We are interested in several inter-linked research areas:
1. Protein secretion systems
Protein secretion systems are molecular machines used by bacterial cells to translocate specific sets of proteins out of the bacterial cell, either to the extracellular milieu or directly into target cells (eukaryotic or prokaryotic). Secretion systems, and the diverse proteins that they secrete, have long been known as key virulence factors against eukaryotic host organisms. However is becoming increasingly recognised that protein secretion systems can also be important mediators of competition between bacterial cells, by delivering diverse and effective anti-bacterial toxins.

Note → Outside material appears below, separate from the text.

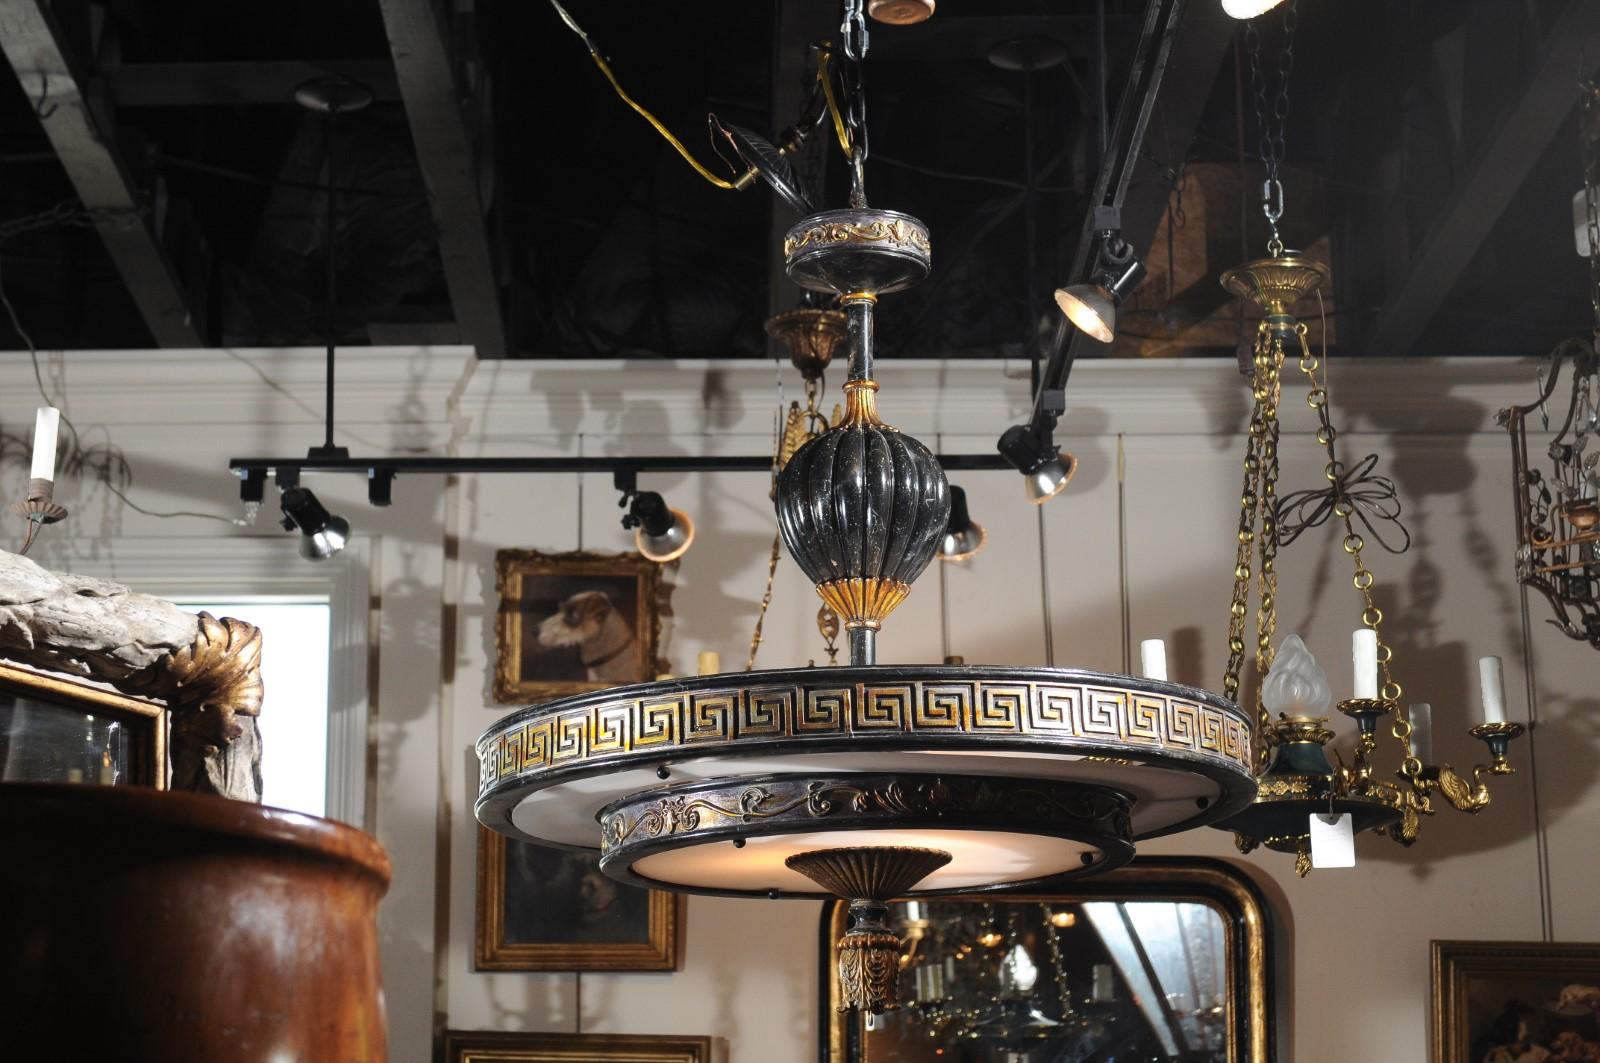 An Italian vintage carved wood parcel-gilt circular chandelier from the mid-20th century, with Greek key frieze and scrollwork motifs. Born in Italy during the midcentury period, this exquisite circular chandelier attracts all of our attention with

Our largest research area is the Type VI secretion system (T6SS), which is widespread in Gram-negative bacteria and is a complex, dynamic nanomachine which ‘fires’ toxic effector proteins into target cells. Most commonly, the target is rival bacterial cells, making the T6SS a key player in inter-bacterial competition and competitive fitness, and therefore an indirect virulence factor. Additionally, we have recently shown that the T6SS can also be used to deliver specific anti-fungal affectors against microbial fungal competitors, implying a broad role for this system in shaping polymicrobial communities. In some cases, the T6SS can also act as a classical virulence factor, delivering effectors into eukaryotic host cells, and in others, effectors can act extracellularly to scavenge scarce metal ions. Thus this is a highly versatile machinery to mediate bacterial interactions with other cells and the environment.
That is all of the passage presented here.